Her breath as thick and heavy as honey,
mascara bleeding from her eyes like an Egyptian queen ordering
slaves into the desert, under the stones,
to fall on their swords. Her tongue flicked back and forth across her lips,
and a strap fell from her white shoulder. Pale flesh in moonlight,
the promise of a sweaty sack, you do unreasonable acts for very obvious
reasons. I am
the living cliché of my forefathers, the empty summit
of their common hopes,
the wasteland of their menial efforts, they're all spinning
under the earth thinking, Christ,
this is where my blood has gone?
...this is where my sweat and love and death
have brought my name?...
I drop my chin and ease off the brake
because I have nothing better waiting for me now or tomorrow
than this. Sometimes you call the tornado down,
boredom and the sound of your own heart
is almost as bad as your brother's smiling disregard.
You sure, I said, and she answered by leaning over
and gripping my goodies.
I could almost see the cop in the rearview
snicker, knowing that I was no different than the rest,
his twice-busted nose wrinkled, teeth on display,
eager in his judgment,
reaching for the radio to call in
my plate numbers–hey Myrtle, got an antsy one at a red light,
acting suspicious, he's making the air cold, and I think
his girl has got her hand around
his package, yes it's confirmed, she's got him
by the goodies, Myrtle–
I am
a split hydrogen atom,
the destruction of a mother's standards,
the failure of a species
and I've never even done anything wrong.
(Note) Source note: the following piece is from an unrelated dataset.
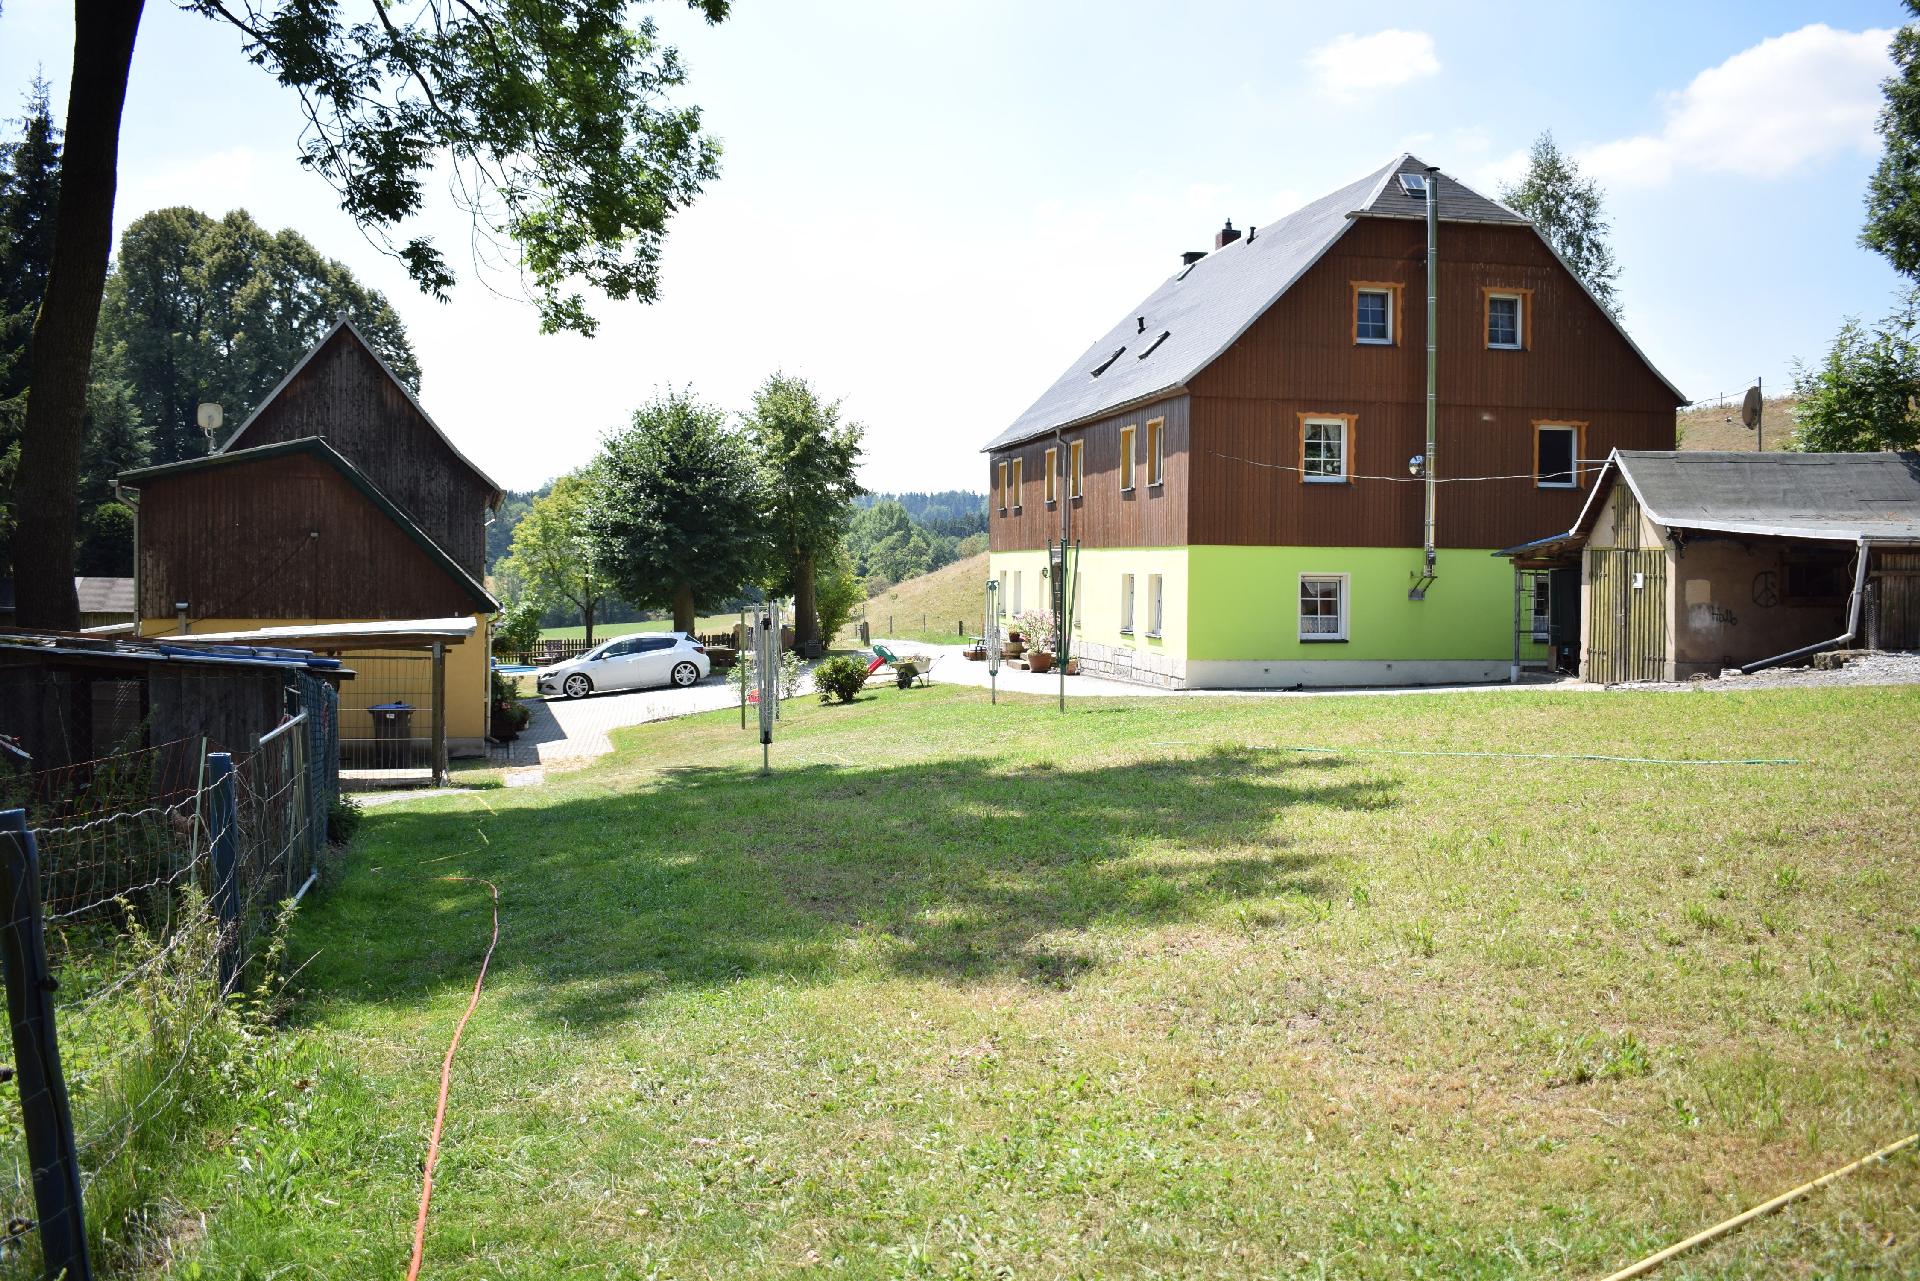 Ferienwohnung für 4 Personen ca. 50 m² i Ferienhaus in der Sächsische Schweiz

I'm not interesting enough
to have done anything wrong,
so a lot is riding on this.
I floored it through the red light without another car
in sight. At 4am the city gives you
some space to scream,
to chase yourself around the far corners of memory
and brutality.
Ride my bumper, Joe Friday,
let's head to the river.
The siren exploded, the brights boiled my eyes into steam.
She gave a yip and tightened her fist
and I gave a cry that cut back through the centuries,
that made my brother hike up in bed with his nose bleeding,
that shook the books from the walls of the New York library.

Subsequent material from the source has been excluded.